Q.9 - Who is your favorite hockey player (current or retired)? Why?

That is so hard. I loved that Mike Bossy took repeated abuse and just kept on scoring. It's one thing to be a physical force who can fight. It's quite another to say, "I can take anything you dish out, and I'll still put up 60 goals." That said, I loved Bryan Trottier, I loved Brian Sutter in St. Louis, I loved Doug Gilmour before a, ahem, "controversial personal matter" got him booted out of St. Louis. The nostalgic picture of a hockey player to me is Bobby Nystrom, flying down the wing with locks flowing like streamers and mustache steering the way, doing anything his team needed him to do. Currently, it's hard not to love how Trent Hunter plays this game.

Q.10 - Is there any hockey blog or website that you look to for inspiration?

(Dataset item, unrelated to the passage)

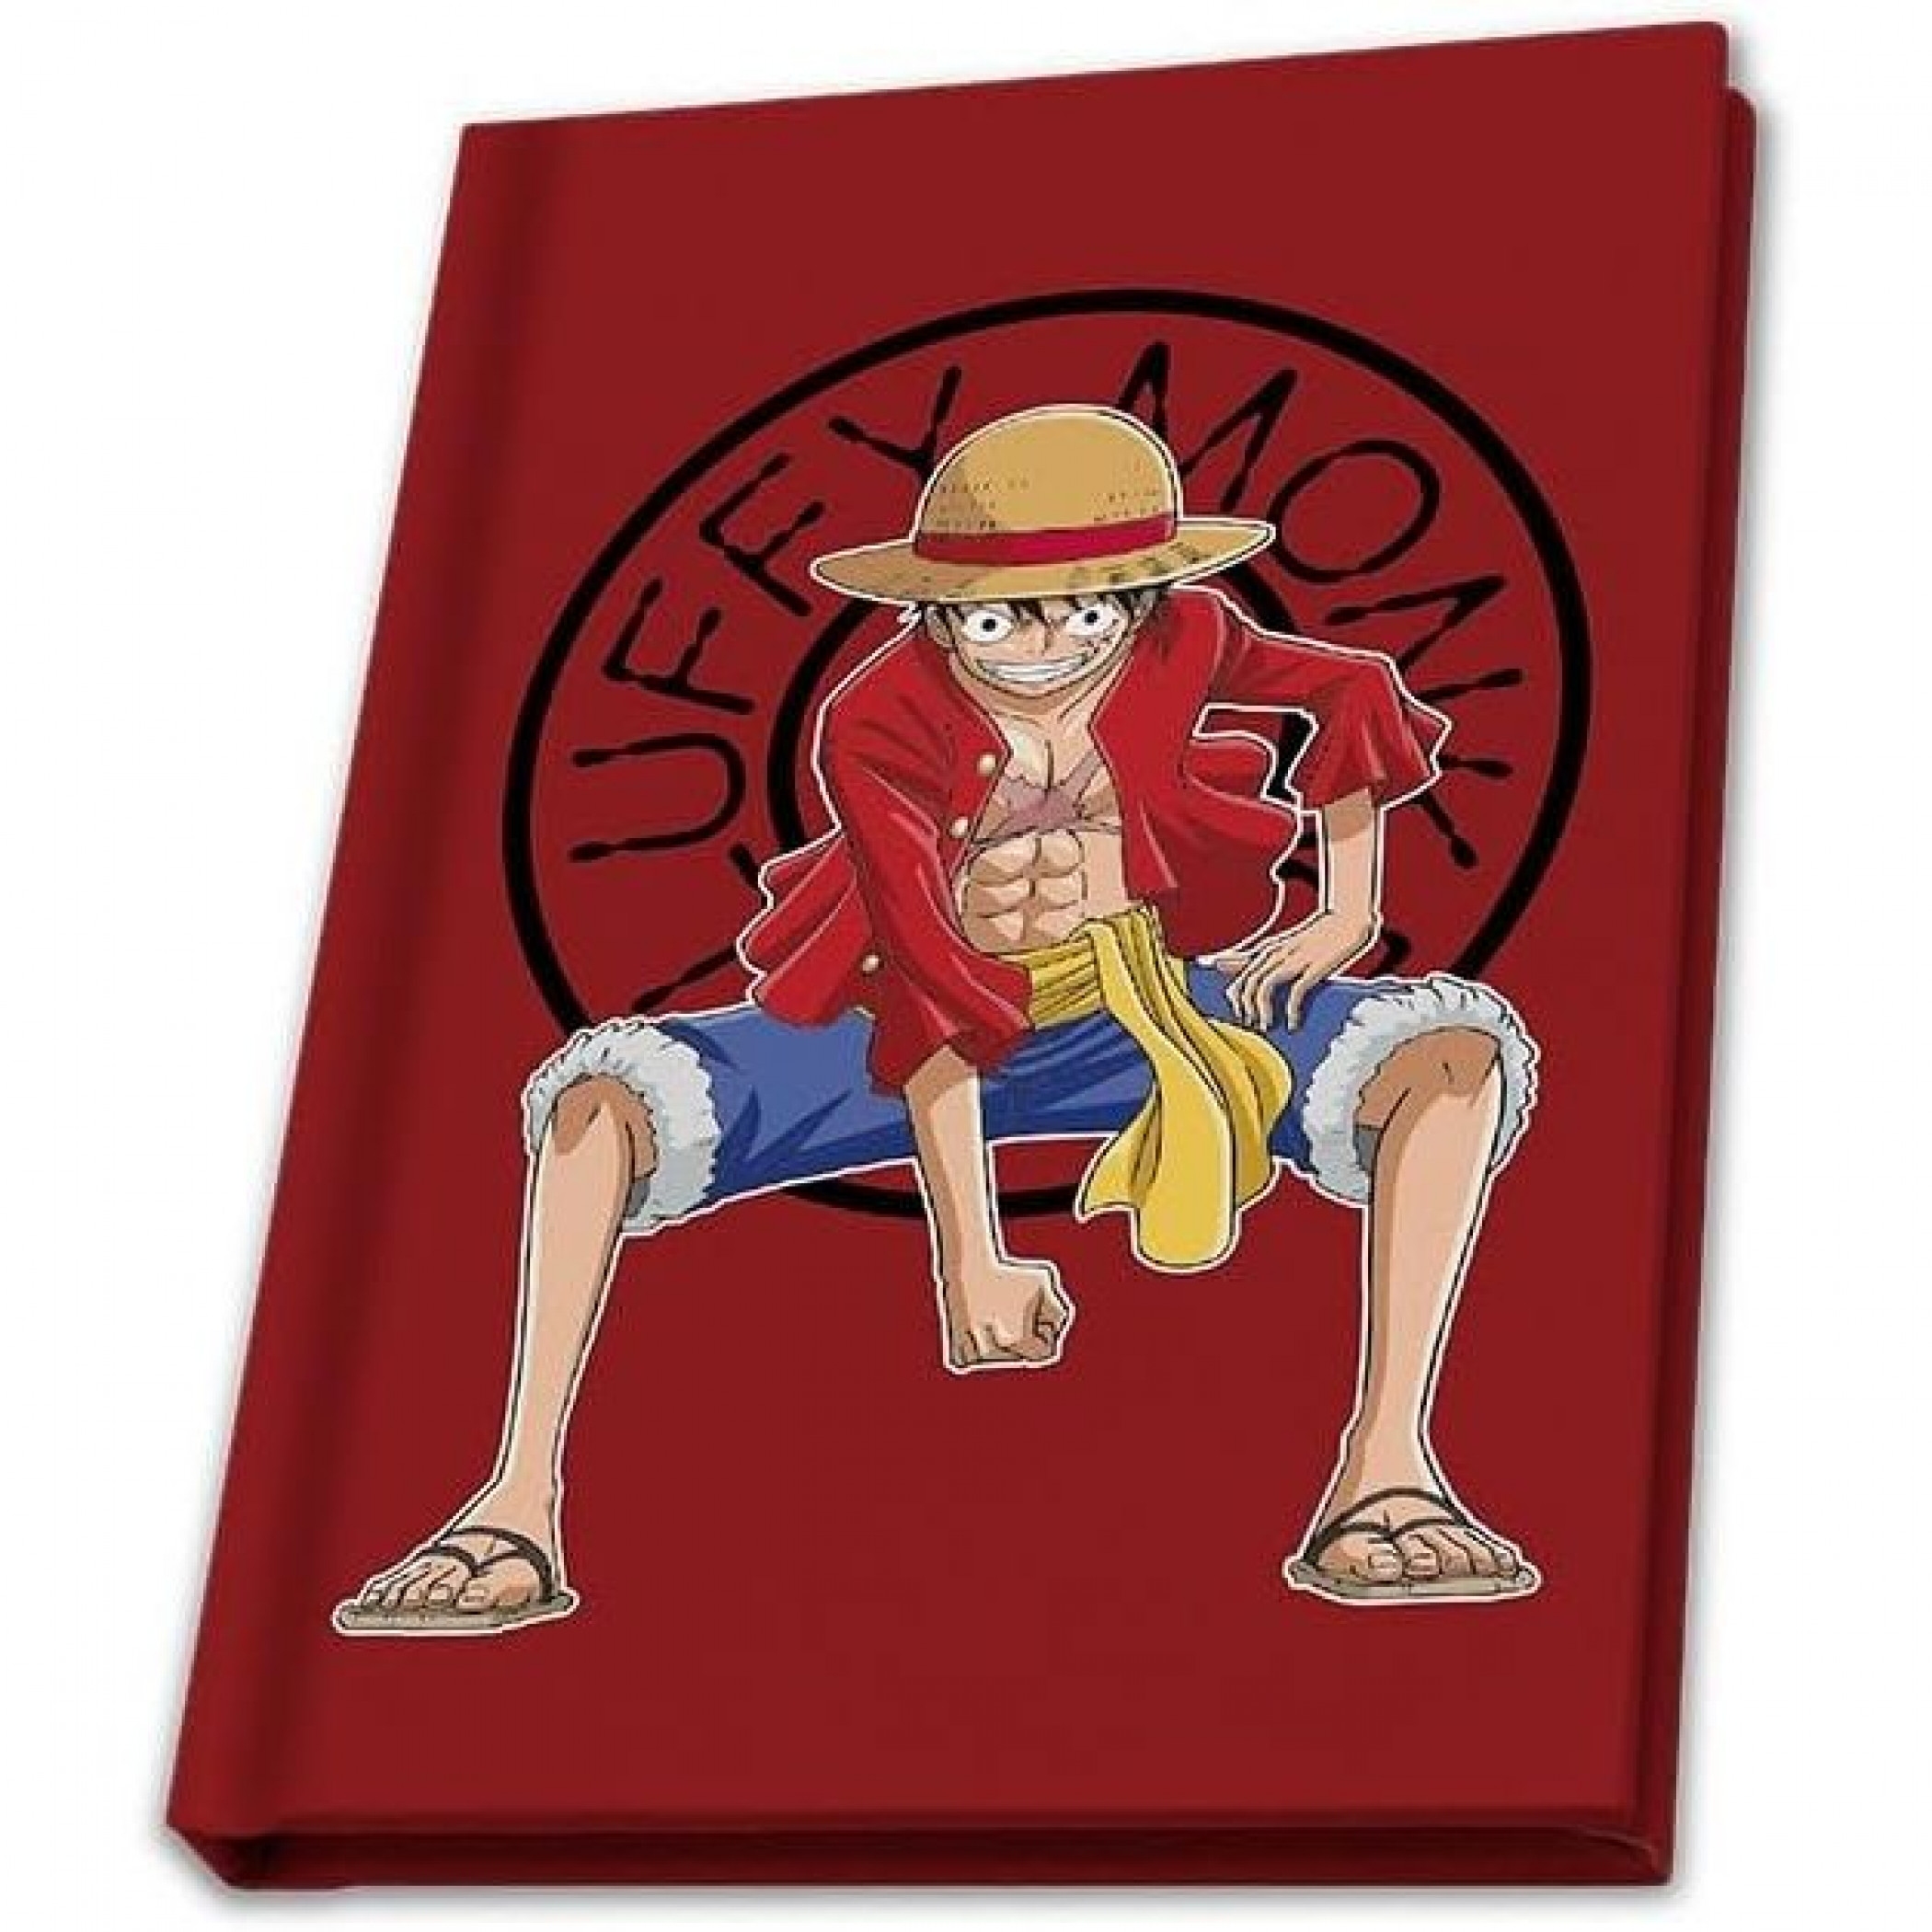 ONE PIECE - Luffy's Hat - Keychain 3D : : Keyring ABYstyle One  Piece

I love the spirit and the community that the guys at Pension Plan Puppets have built. And what first introduced me to SBN was when the MLB Cardinals blog, Viva el Birdos, moved to SBN. It was started by a Cardinals fan who lives in Colorado, and from Day 1 it was a great example of how someone could run a passionate, smart, analytical blog about a team from outside that team's locale.

Obviously, Lighthouse Hockey is nowhere near either of those. But my hope is that with SBN tools and by setting a tone and a consistent presence, it can become a fun, reliable place where Islanders fans can run with the interactive tools and take over the conversation.